I guess I agree but I never really thought about it. If this where the case then the seller should be allowed to post a response. 

Its a topic worth bringing up but I wouldn't expect it from every seller. I have sold a few things and waited for the buyer to respond it was just easier. If they had posted something negative, given legitimate reasons or pm'd me first to resolve the problem then I would accept the feedback and move on. Its a shame not every one feels that way.


----------



## erijnal (Apr 5, 2006)

On places like APC (and I guess PT too), I definitely feel comfortable leaving feedback first if I'm the seller. *Most* people you deal with are reasonable and you have a place to talk back and forth if a transaction goes awry. Also, leaving feedback first definitely helps the buyer feel safer about a transaction. So here, I believe it should be common practice.

On sites like eBay, it's a different story, IMO. You have no idea if the buyer will jump the gun and leave you bad feedback without trying to resolve the issue first. With so many people carrying around a ridiculous sense of "Consumer gets everything," even in situations where they're dealing with a single person, I'm not going to go out on a limb and leave feedback unless I know what I promised made it to the buyer and the buyer is satisfied.


----------



## Six (May 29, 2006)

I would like to agree, I mean, it makes sense to agree. I just never do it that way. On APC I may leave a buyer feedback first, but on eBay, no way. I used to leave feedback first and get nothing in return. Nothing, not even a confirmation that the box arrived. I thought that was just, you know, a one time thing. Nope. People would buy and just forget to leave any feedback. It's hard to sell without feedback. (On eBay) 

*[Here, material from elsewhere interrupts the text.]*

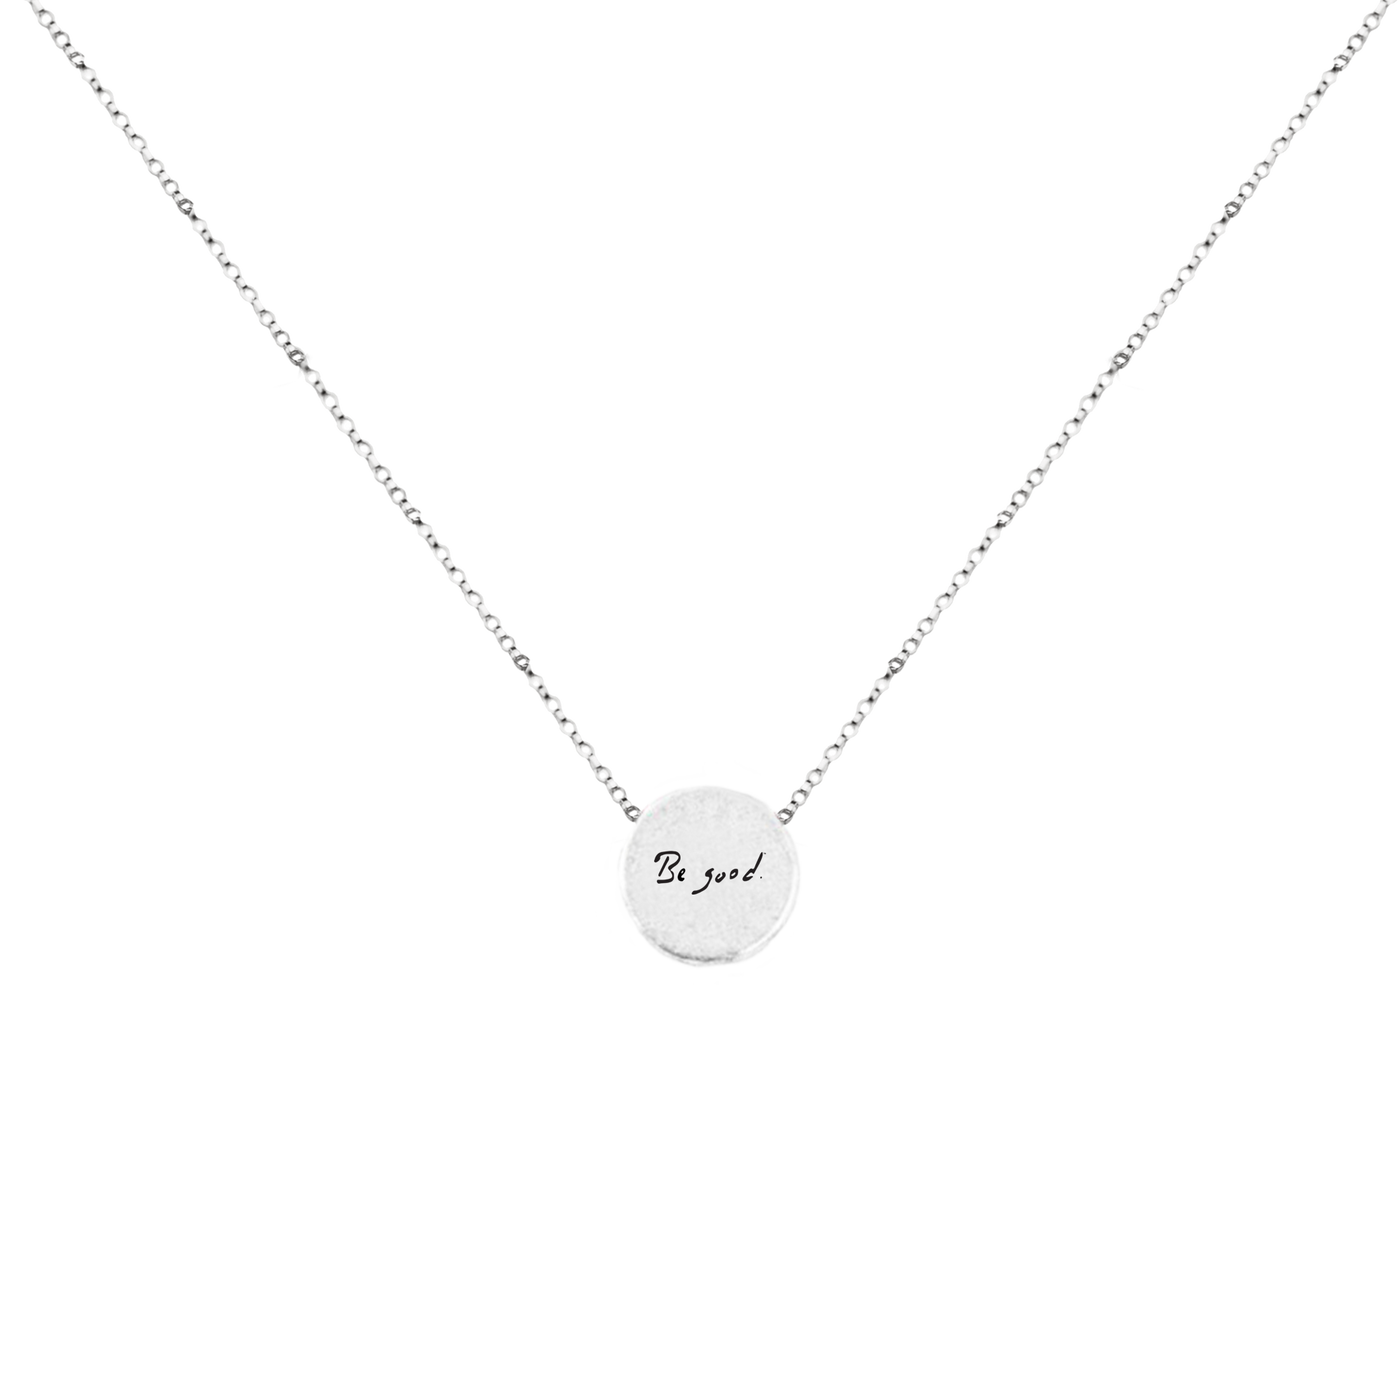 Article 22 + Be Good Sundial Necklace

How do you guys feel about leaving neutral feedback for really annoying customers? I've sold stuff to people who were really pushy and very demanding/hard to take care of. Wouldn't it be nice to warn others about that? I just never do it. It's kinda all a bunch of bull. No one wants to leave negative feedback. I mean, who on APC has ANY negative feedback? I've seen no one. Just makes you wonder.


----------



## gnatster (Mar 6, 2004)

I agree with the first post. When I sell no matter the location I always leave feedback after the buyer pays. I always ship with a way to confirm delivery too. 

Six...there have been a few instances of Negative Feedback on APC. As an admin (quiet one behind the scenes mostly these days) I get a notification email if negative feedback is left. We only look to see if a pattern is developing, we leave the feedback to self policing for the most part. The fine print part. We at APC do not intervene to resolve issues between buyers and sellers. We do monitor and if a seller or buyer becomes an issue we may step in and ban the user.


----------



## houseofcards (Feb 16, 2005)

mikenas102 said:


> Once the buyer has paid promptly and properly, the buyers end of the deal is finished....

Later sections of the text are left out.